Suppose that \[y = X \beta + \varepsilon,\] where \(y\) is a random \(n\)-vector of responses, \(X\) is a known \(n \times p\) matrix with linearly independent columns, \(\beta\) is an unknown parameter \(p\)-vector, and \(\varepsilon \sim N(0, \, \sigma^2 \, I)\), with \(\sigma^2\) assumed known. Suppose that the parameter of interest is \(\theta = a^{\top} \beta\). Let \(\tau = c^{\top} \beta - t = 0\), where \(a\) and \(c\) are specified linearly independent nonzero \(p\)-vectors and \(t\) is a specified number. Suppose that we have uncertain prior information that \(\tau = 0\). Define the scaled expected length of a confidence interval to be \[\frac{\text{expected length of this confidence interval}} {\text{expected length of the standard } 1-\alpha \text{ confidence interval for }\theta}.\]

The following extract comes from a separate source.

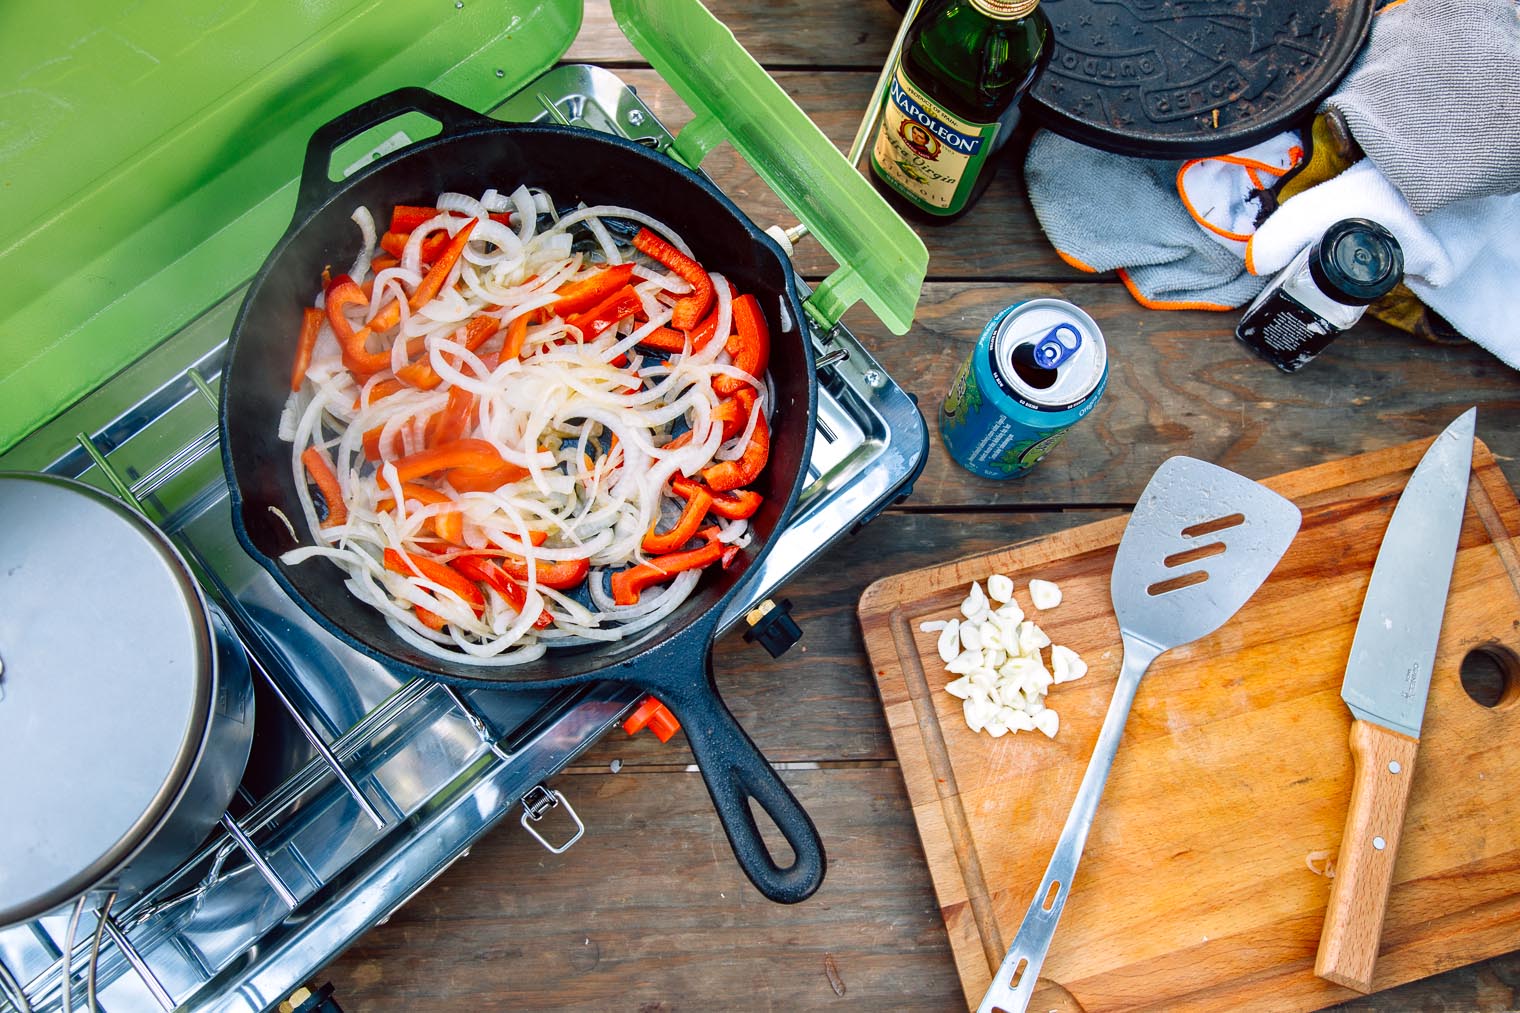 Onions and red bell peppers cooking in a cast iron skillet over a camping stove

This package computes a confidence interval, with minimum coverage \(1 - \alpha\), for \(\theta\) that utilizes the uncertain prior information that \(\tau = 0\) in the following sense. This confidence interval has scaled expected length that (a) is substantially less 1 when \(\tau=0\) and (b) has maximum value that is not too large. In addition, this confidence interval approaches the standard \(1-\alpha\) confidence interval for \(\theta\) when the data and the prior information are strongly discordant.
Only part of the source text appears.